**Input data**

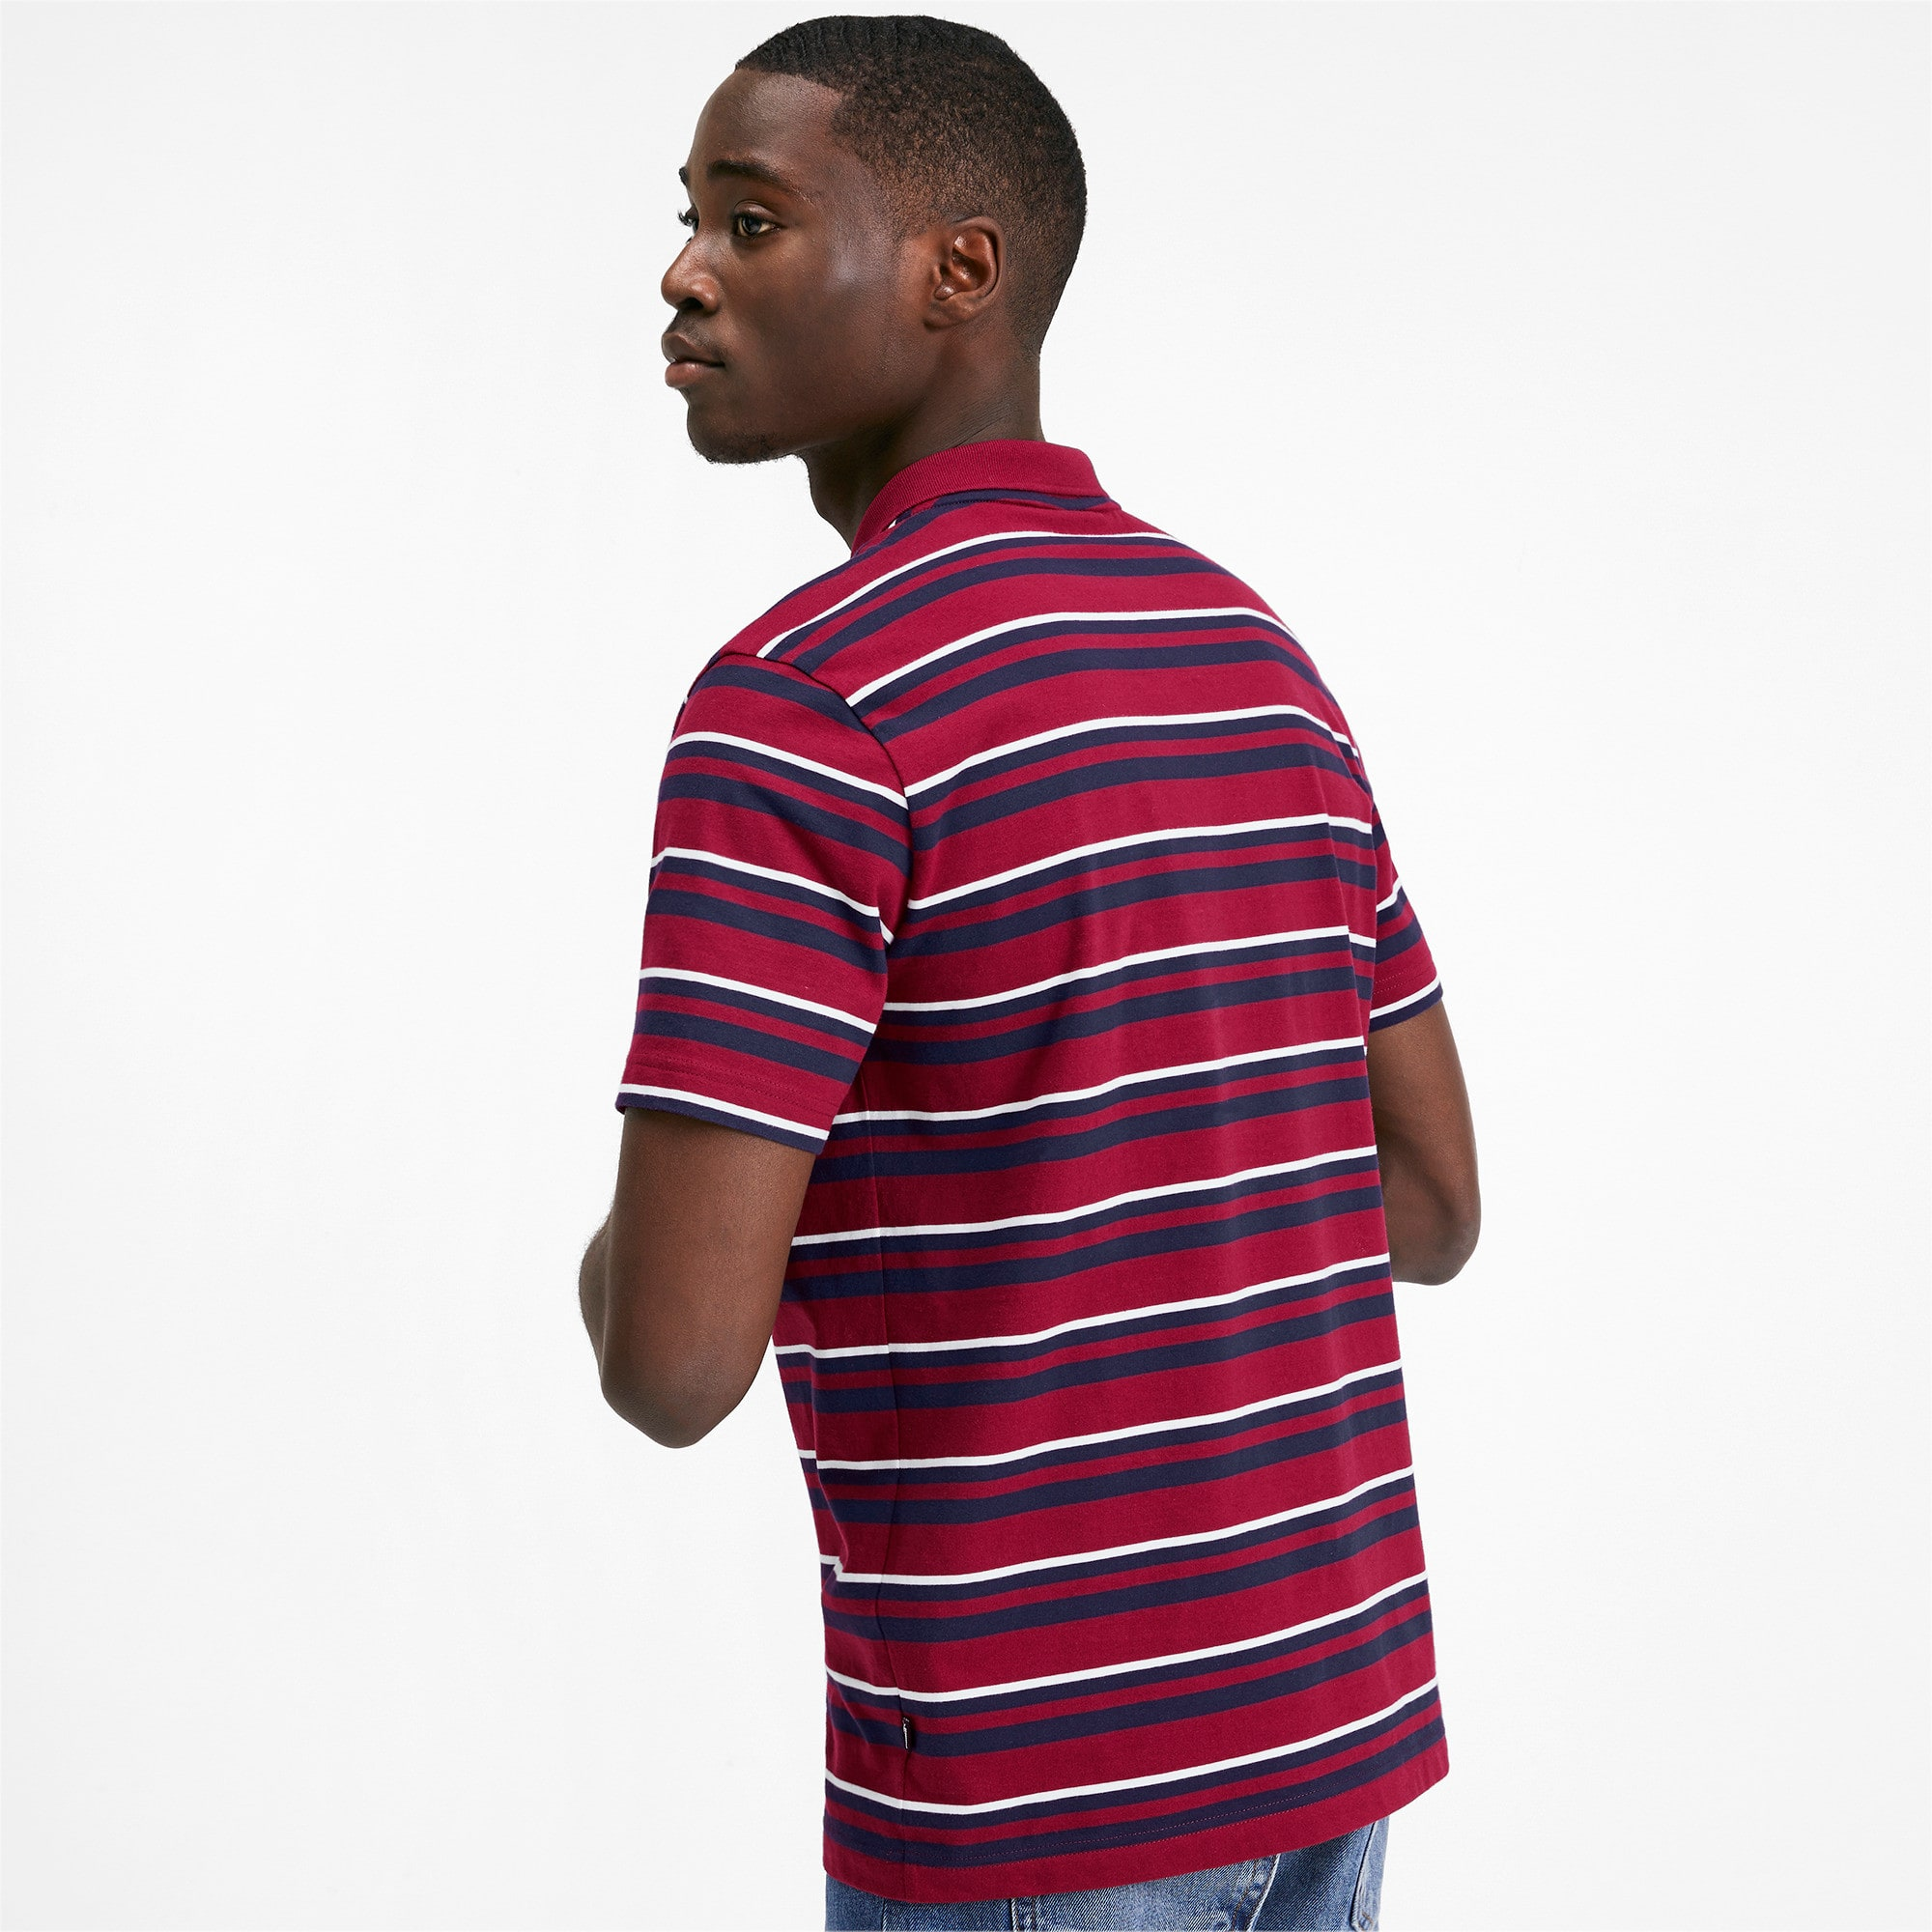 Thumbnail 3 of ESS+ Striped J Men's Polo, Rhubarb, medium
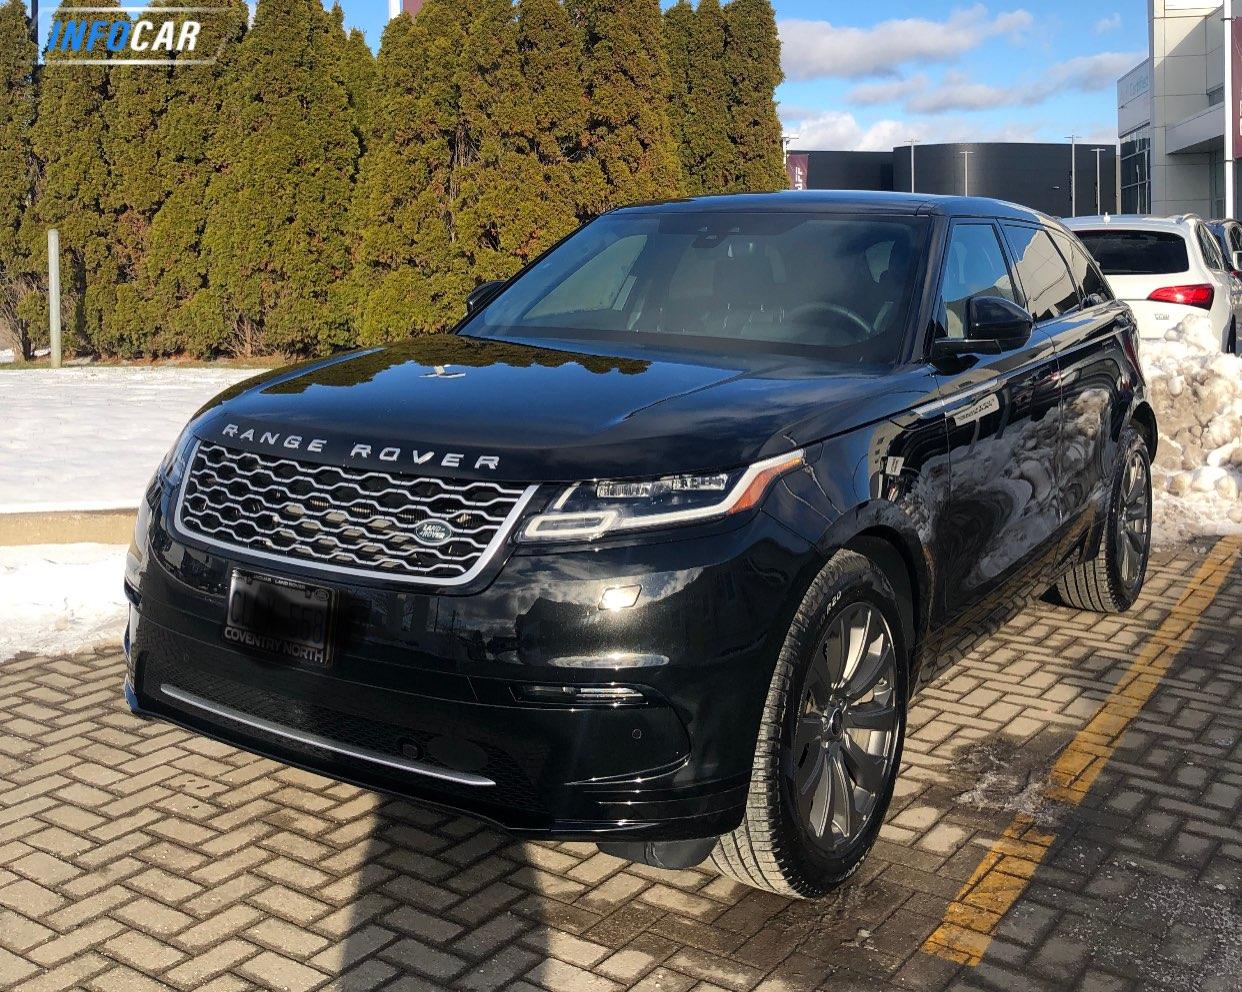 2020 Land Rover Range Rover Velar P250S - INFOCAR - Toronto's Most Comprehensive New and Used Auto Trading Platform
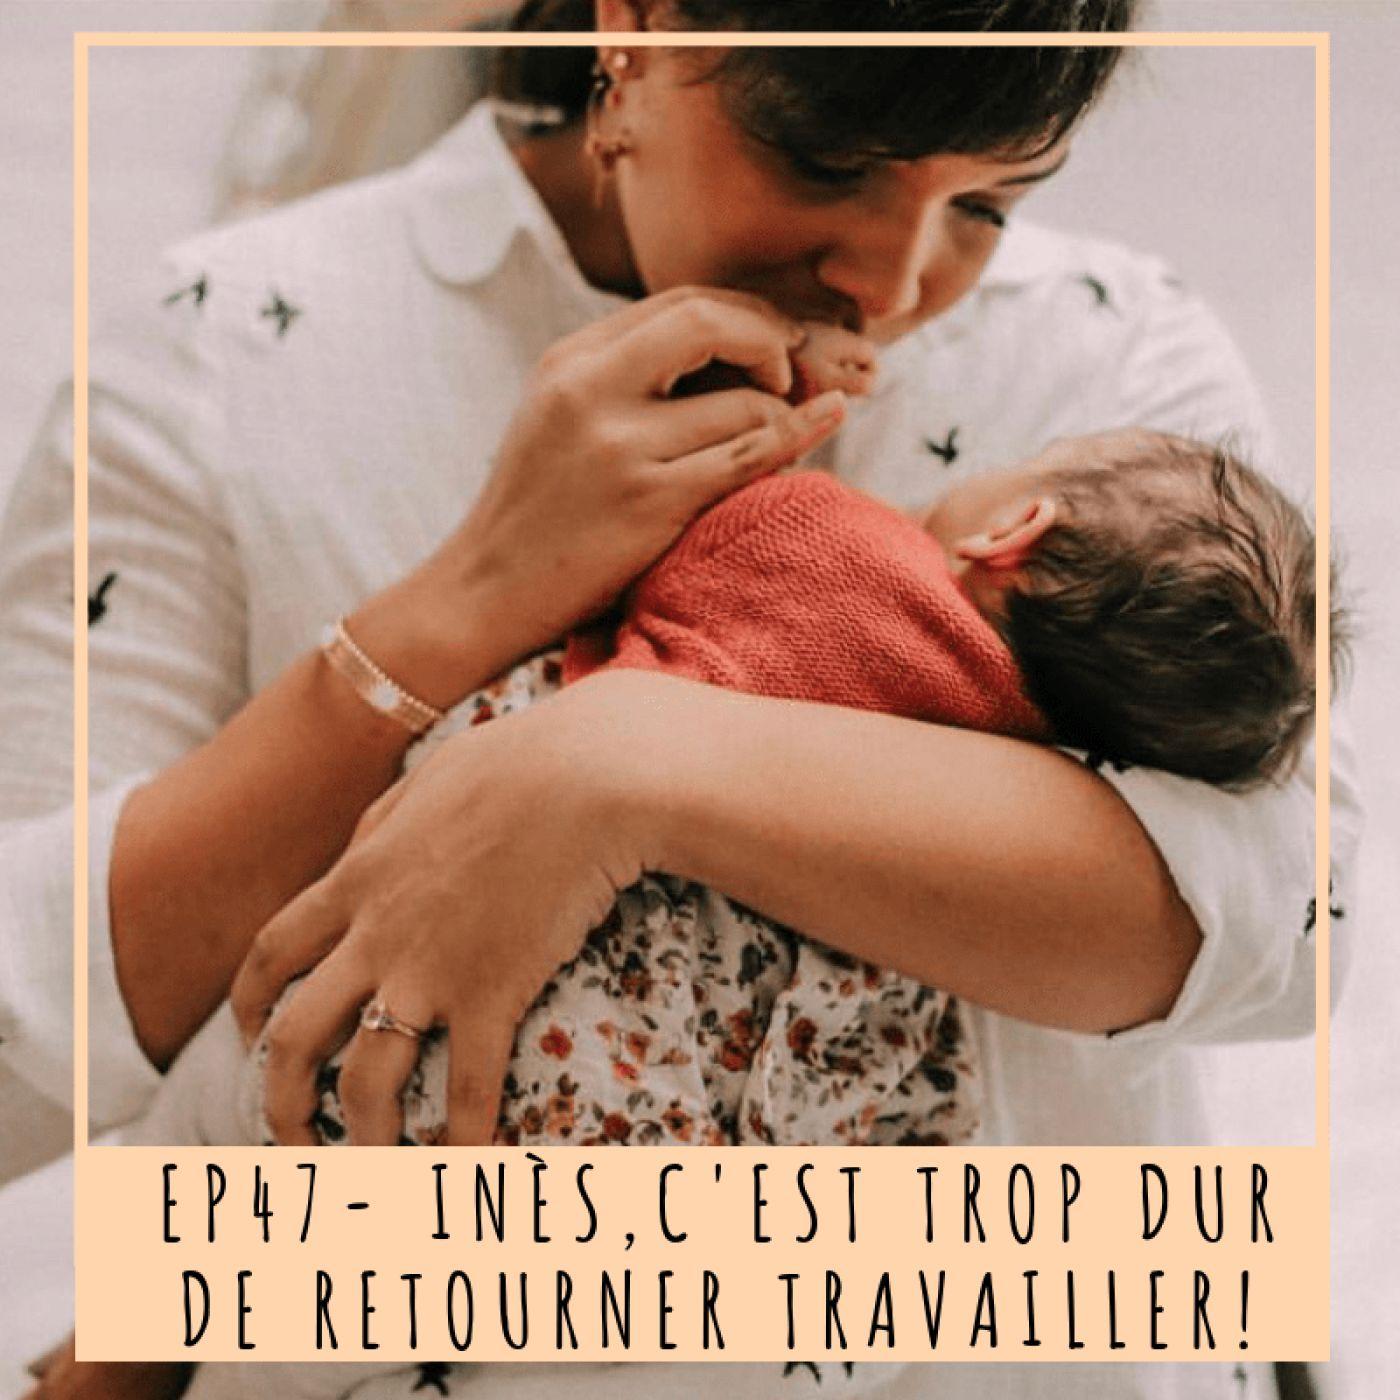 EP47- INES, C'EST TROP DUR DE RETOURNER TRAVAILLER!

**Problem to solve**
Excluding pictures, copy exactly the lines from the line containing "2020 Land Rover" through the last line of the data, inclusive.

**Solution for this exercise**
 2020 Land Rover Range Rover Velar P250S - INFOCAR - Toronto's Most Comprehensive New and Used Auto Trading Platform
 EP47- INES, C'EST TROP DUR DE RETOURNER TRAVAILLER!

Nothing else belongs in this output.